Michael Wooldridge is like the teacher you wish you’d had: approachable, able to explain difficult things in simple terms, neither dauntingly highbrow nor off-puttingly cool, and genuinely enthusiastic about what he does. “I love it when you see the light go on in somebody, when they understand something that they didn’t understand before,” he says. “I find that incredibly gratifying.”
He comes across a regular sort of guy, which, as an Oxford professor with more than 500 scientific articles and 10 books to his name, he clearly isn’t. Typically, his favourite work is his contribution to Ladybird’s Expert Books – an update of the classic children’s series – on artificial intelligence. “I’m very proud of this,” he says, as he hands me a copy from his bookshelf. We’re in his study in the University of Oxford’s somewhat municipal computing department on a sunny spring day. Maybe it’s the campus setting, but our discussion almost takes the form of a seminar.
Wooldridge is an adept public communicator, especially on artificial intelligence – a field he has worked in for more than 30 years, but about which he retains a healthy scepticism. In his 2023 Christmas lectures for the Royal Institution, titled The Truth about AI, he brought in a robotic dog and asked his school-age audience to vote on whether they’d whack it with a baseball bat. And, to explain reinforcement learning, he recreated the classic 80s movie WarGames, in which a young Matthew Broderick averts nuclear catastrophe by getting the US military computer to play noughts and crosses with itself (until it concludes there is no real way to win). “Matthew Broderick was in London at the time. We tried to get him to come on the Christmas lecture, but he couldn’t do it,” says Wooldridge. “So we called our computer BrodeRick in his honour.”
WarGames is actually pretty close to the subject of Wooldridge’s latest book, Life Lessons from Game Theory: The Art of Thinking Strategically in a Complex World. He’s taught the subject to his students for more than 15 years, he says. Now it’s our turn.
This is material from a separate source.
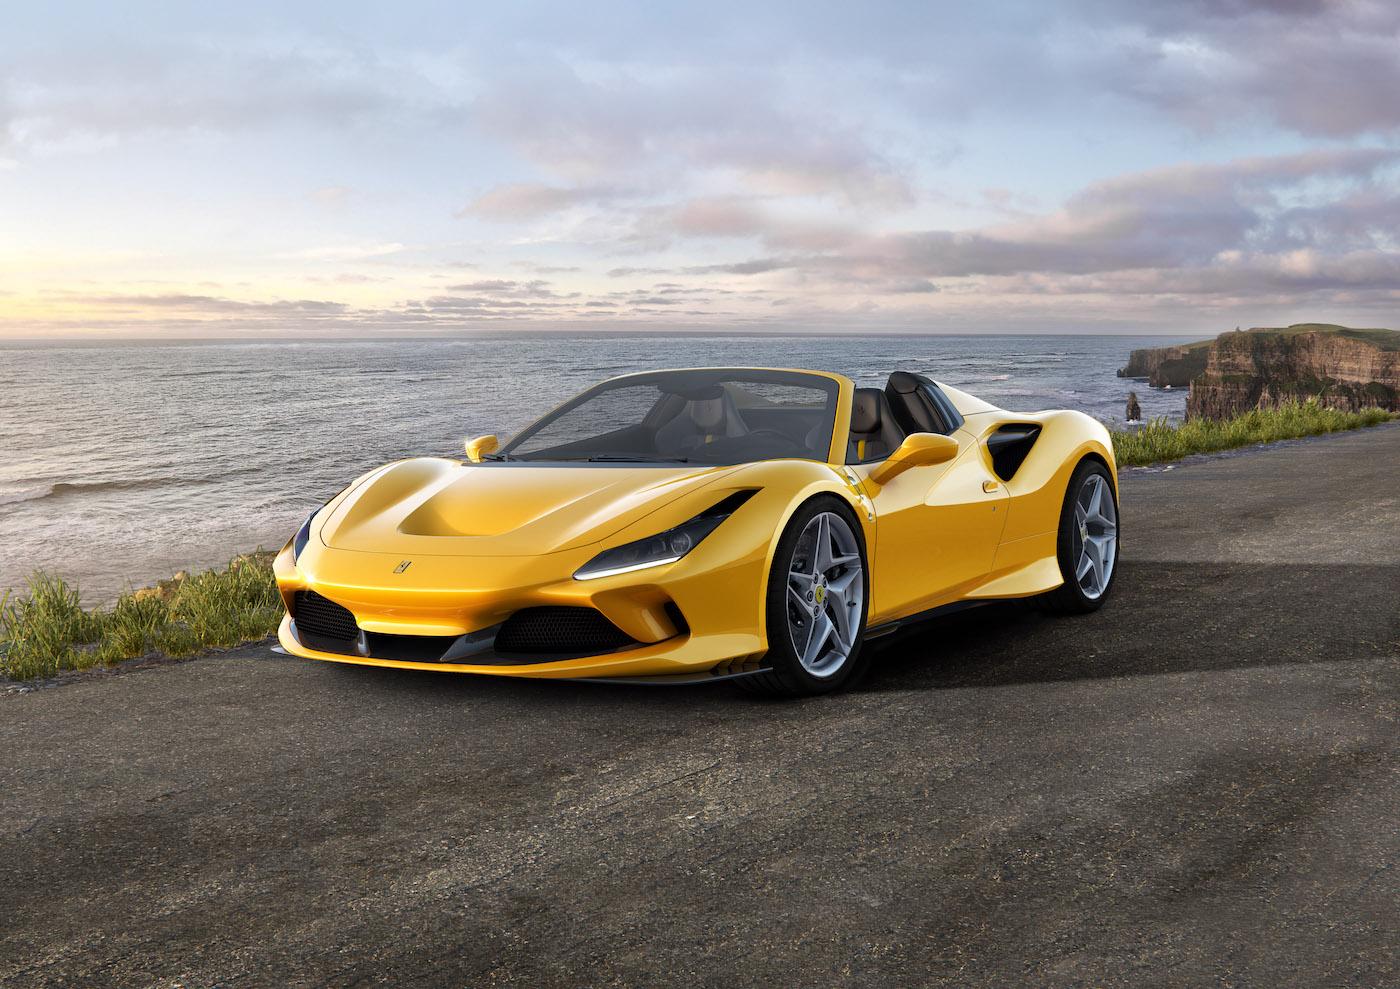 Der Neue Ferrari F8 Spider Mit Dem 720 Ps V8 Mittelmotor Proudmag Com

There’s no maths in Wooldridge’s book; instead he translates game theory into 21 digestible scenarios, incorporating everything from Atlantic cod fishing, to Pepsi v Coca-Cola, to the existence of God.
“It is surprising how many global events can be explained by a relatively small number of game theoretic models,” Wooldridge says. One of the simplest is the game of “chicken”, which he illustrates in his book using a scene from the James Dean movie Rebel Without a Cause (none of his students had heard of it, he admits). Two teenagers drive their cars towards a cliff; the first to jump is the “chicken”, and loses the game. If both jump at the same time, it’s a draw; don’t jump at all and you’ve lost the game pretty badly (spoiler alert: that’s what happens in the movie).
The theory lesson here is about Nash equilibriums (we won’t get into the details) – but, practically, we see this game playing out in real life all the time. The Cuban missile crisis used to be the go-to example, but another one is unfolding as we speak: the US-Iran war. “You’ve got two sides with ever-escalating threats against each other; somebody’s got to back down at some point,” says Wooldridge. “The danger is, if neither backs down then you’ve passed a point of no return and you get the worst-case scenario for everybody.”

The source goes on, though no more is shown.